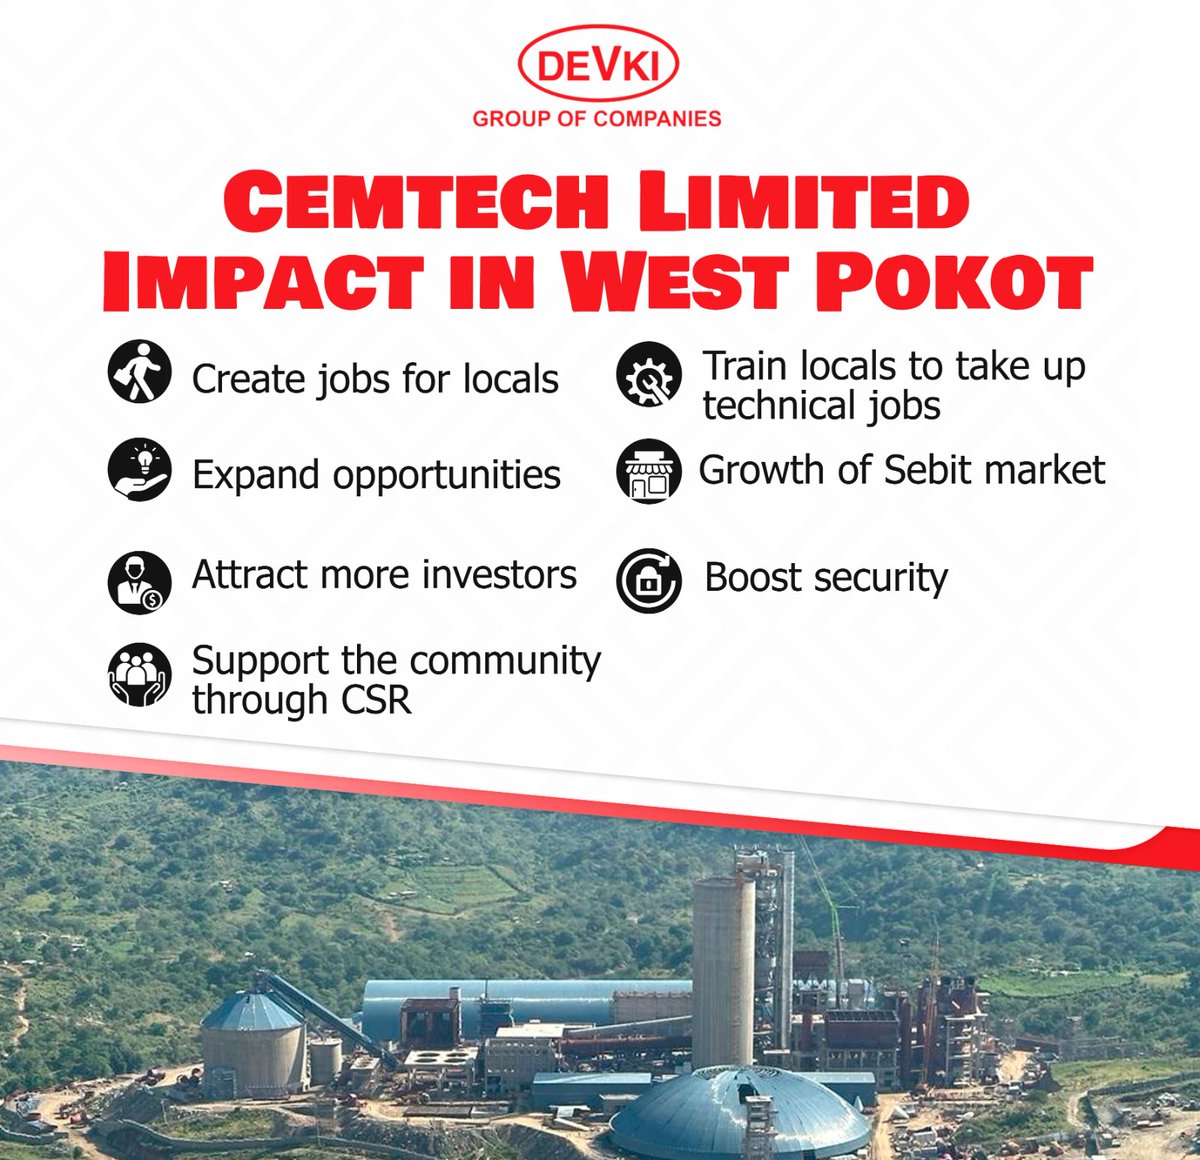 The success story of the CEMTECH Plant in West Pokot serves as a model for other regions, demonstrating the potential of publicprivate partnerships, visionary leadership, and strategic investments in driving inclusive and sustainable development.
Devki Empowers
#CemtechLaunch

....

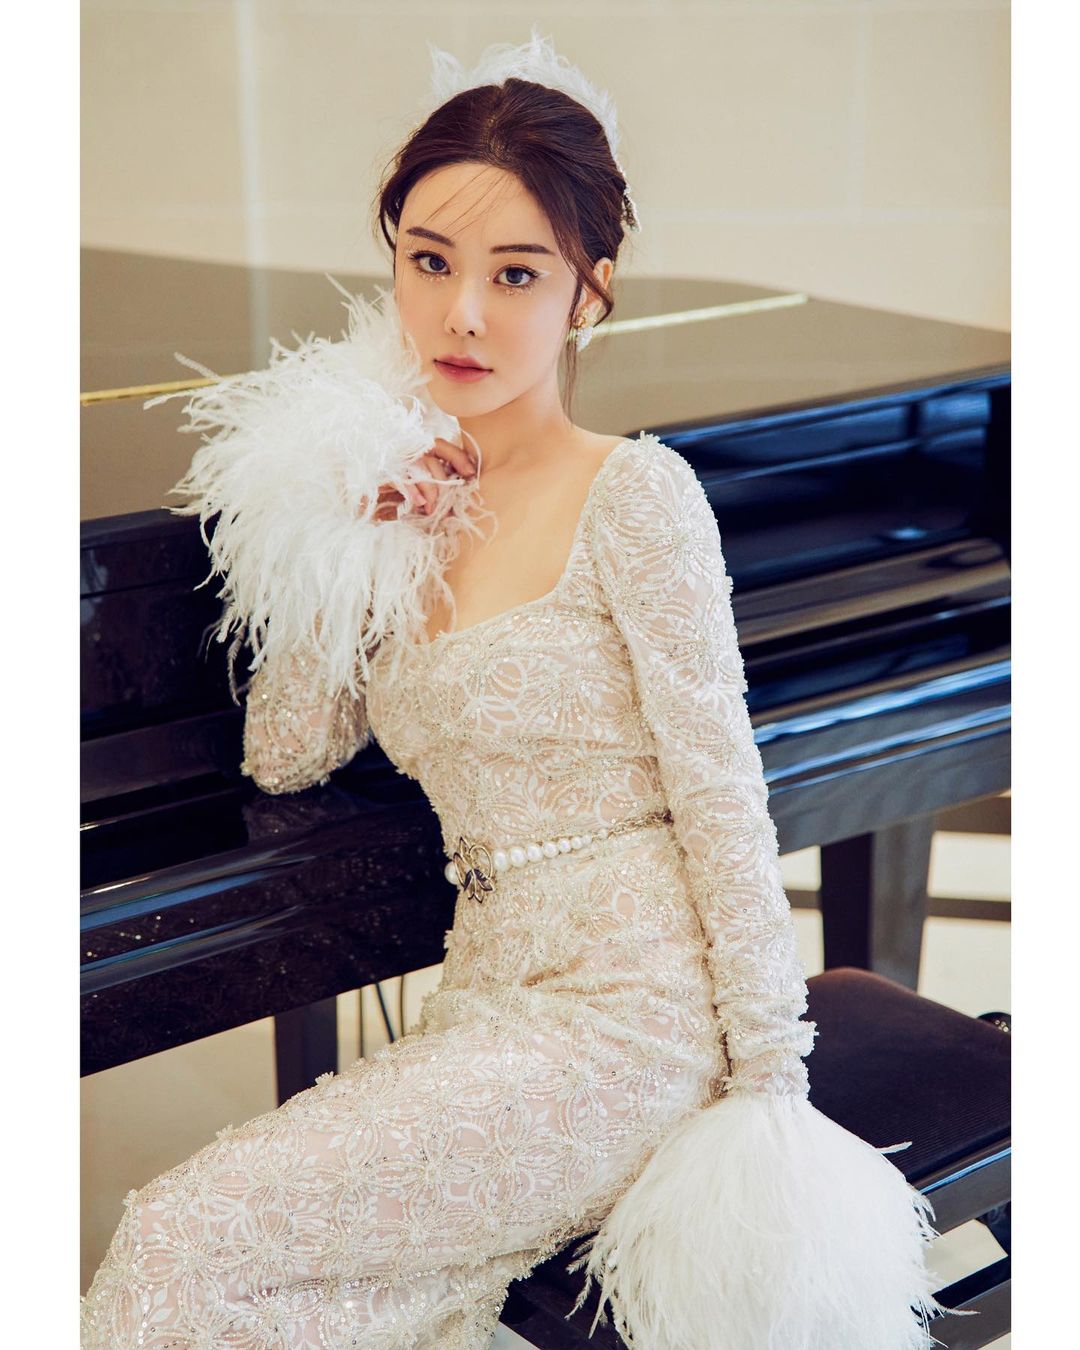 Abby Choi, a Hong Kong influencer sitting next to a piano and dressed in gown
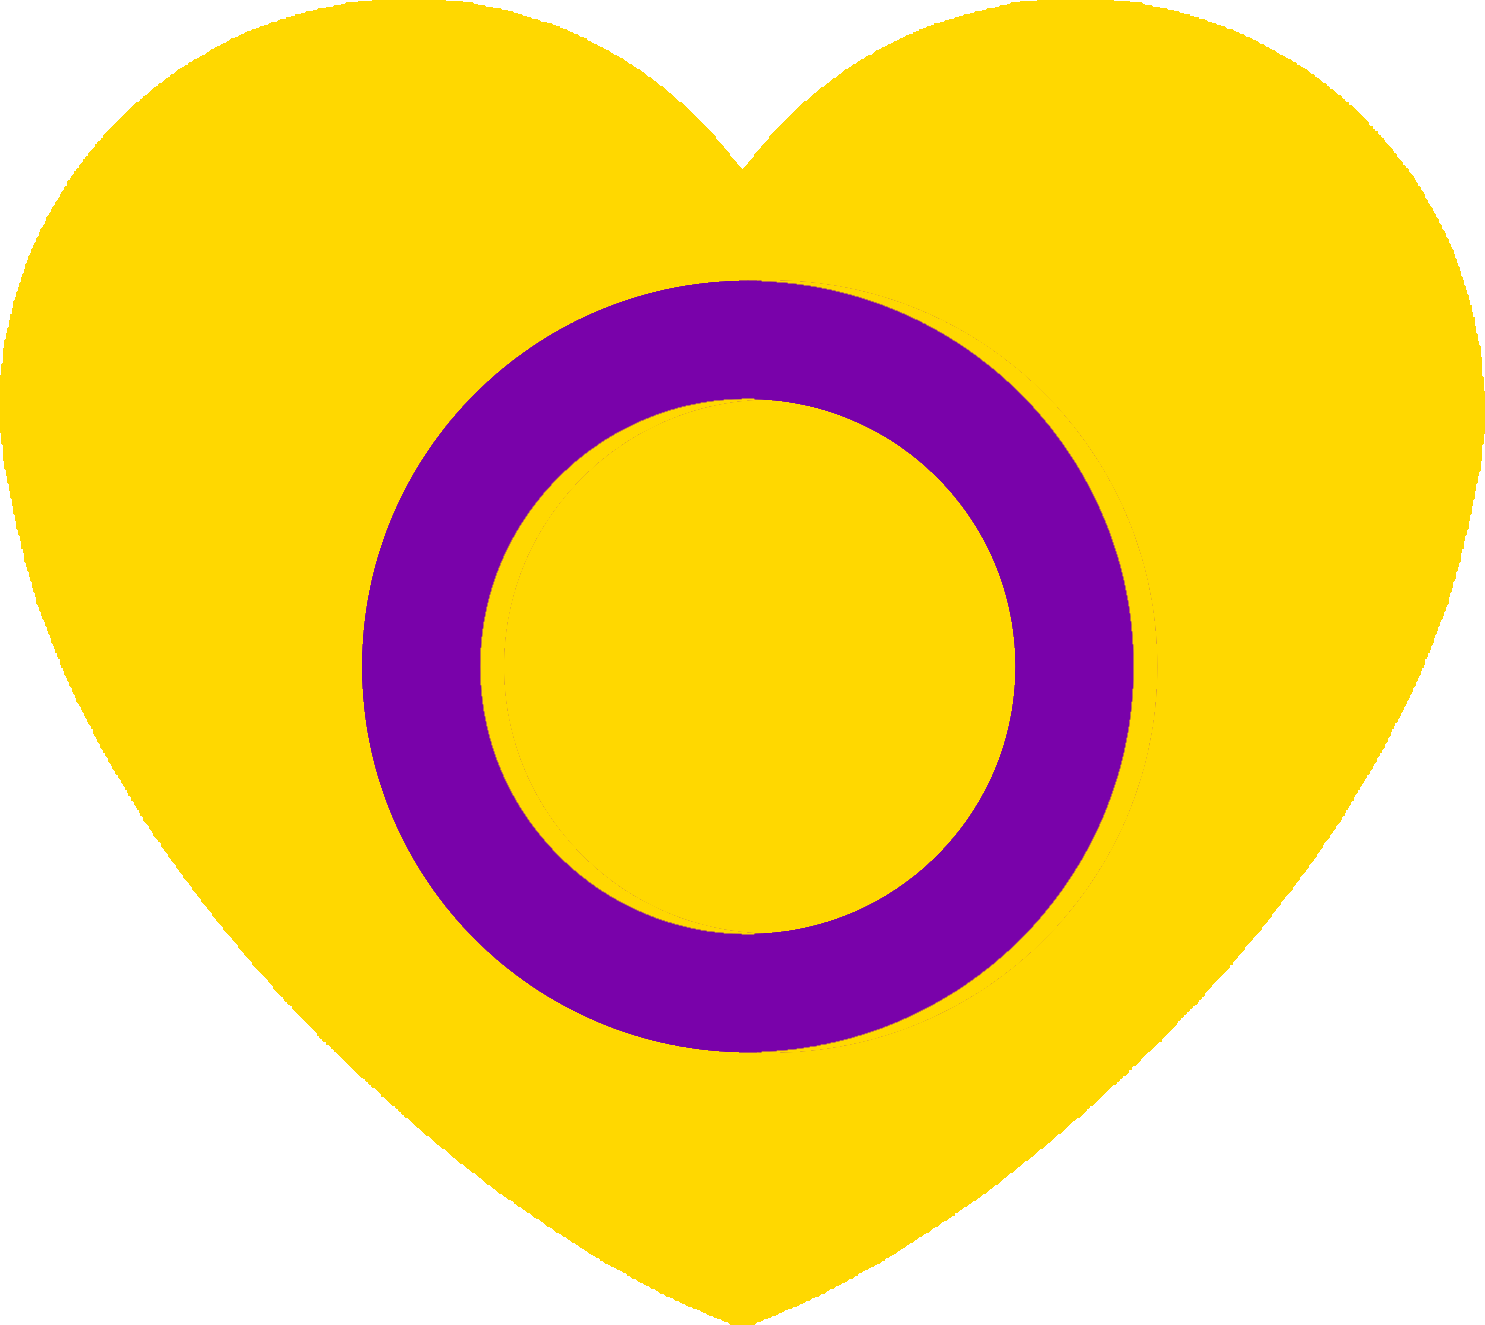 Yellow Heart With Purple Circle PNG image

....

**How to complete this task**:
Look above for the line with "The success story" and the line with "#CemtechLaunch"; set down those two lines and all lines between them exactly, without pictures and without anything else.

**Answer area**:
 The success story of the CEMTECH Plant in West Pokot serves as a model for other regions, demonstrating the potential of publicprivate partnerships, visionary leadership, and strategic investments in driving inclusive and sustainable development.
Devki Empowers
#CemtechLaunch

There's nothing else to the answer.